“While you were gone, a dog came in here. So help me God.”
My grandfather was in the hospital, and my sister and I had just returned to the room after a trip to the cafe.
“What did you do?”
“I petted it,” he demonstrated, patting at the air beside his bed, “and said ‘nice doggie.’”
This recovery period was so different from just 24 hours earlier, when the surgeon was gently preparing us for a tumor and I began preparing myself for his imminent death or, at the least, slow and painful descent into misery. (If you’re going to be bleak, might as well commit to it.)
But I’ll mostly skip those parts that involved steeling myself for the knowledge that one of those I love most in the world would no longer be in it. It was not a tumor. After the operation, even the surgeon indicated she had not expected such a good outcome; indeed, her resulting diagnosis had not been among the options she considered before the surgery.
In the next few days, during which my grandfather steadily improved, it was not too surprising that Walter Reed would turn up a dog. The hospital is full of sudden hallways and connecting tunnels and corridors that lead to other wings, none of which is anywhere near where you want to go.
But it was also full of kind, caring people who, to my endless amusement, could not pique my grandfather’s interest in their various activities.

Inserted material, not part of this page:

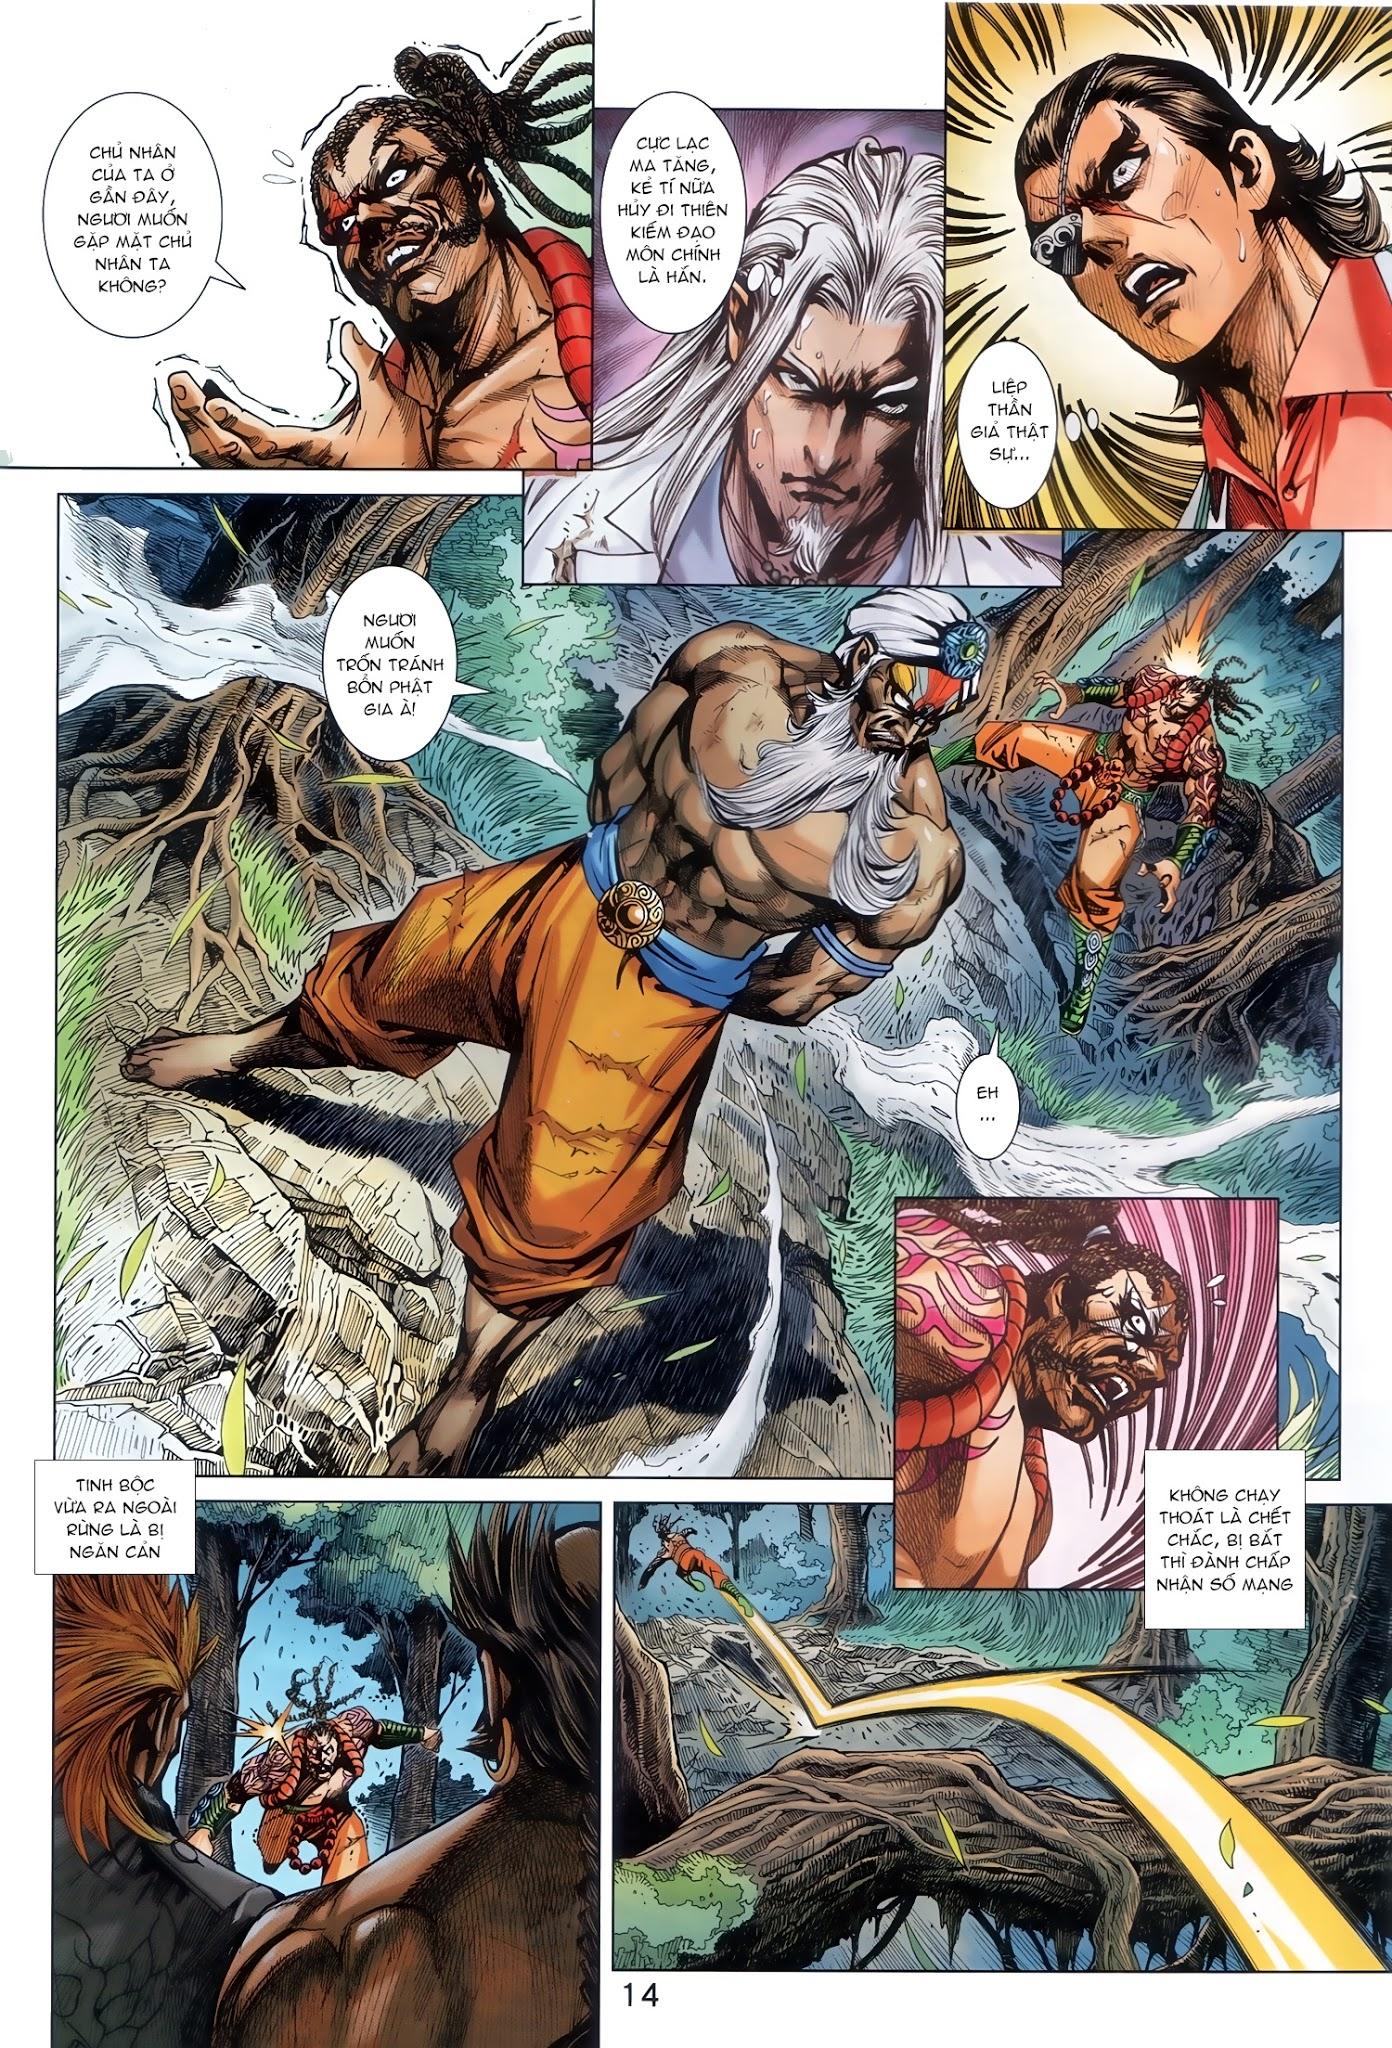 Tân Tác Long Hổ Môn Chap 888 - Trang 14

One of the first was the musician, the type my 90-year-old grandfather would normally describe as a long-haired hippie. The hippie entered the room and very pleasantly asked if my grandfather wanted to make any music and, looking around at his assembled family, said he had enough instruments for everyone.
We all stared at him for a beat until my grandfather thanked him but declined.
Next was the arts and crafts lady, who had paper and markers and glitter and crossword puzzles. I could envision my grandfather gluing feathers and sprinkling glitter only slightly better than I could his playing a kazoo in a percussive-only family band. He was about to send her away too when I asked him, “Wait a minute, do you want to try a word search?”
“Ok, I’ll try that,” he said to the woman, who returned a moment later with a puzzle book. I gave him my pen, and he’s been seeking and finding words ever since.
One time, observing the needles and bruises up and down his arms, he remarked, “I look like a junkie.”
“Yeah. Kind of!” (Later, when he was home and hesitant about taking pain medication, I saw the bottle and said, “This is what I had after I broke my foot. It’s ok. Every day at 4:30, I’d pop one before I got off work.” “Yeah I heard it was good stuff,” he responded, now less wary, almost enthusiastic.)
About that time, the Eucharistic Minister came in and wanted to give my grandfather Communion, which he politely declined, just like the jam session and the arts and crafts.
“Well, can I say a prayer with you?” the man asked.
“Ok. Sure.” I suspect my grandfather didn’t want to disappoint the man and figured (correctly) that a prayer would be quick enough, so we all bowed our heads while the minister read something I didn’t recognize from his catechism.
Later, my grandfather remarked of the illness that brought him to the hospital, “That was the second sickest I’ve felt in my whole life.”
“When was the first?” I asked, though I already knew the answer.
“When I had malaria, in the South Pacific.”
My grandfather is a World War II veteran and, for that alone, drew not inconsiderable attention at Walter Reed. One of the technicians even said something like, “It’s an honor to take care of you, sir. We don’t see too many World War II vets anymore!” Of course, hanging in the air was the sad subtext, which she realized just a second too late: they’re mostly all dead.
Yet, I appreciated her gushing, which appeared completely genuine. And he is pretty amazing. One of the nurses commented with awe, “We usually have to catapult people in their 40s out of bed the day of surgery.”
By contrast, my grandfather was taking walks that afternoon. He wasn’t yet totally steady, so he held on to his companion’s arm, but he always made a loop around the whole corridor.
The morning I stayed with him, he wanted to go for a walk at 7 a.m., once the doctors made their rounds.
After our return, as he got back into the white-sheeted hospital bed, he glanced at the clock.
“I’d like to go around again at oh-eight-hundred.”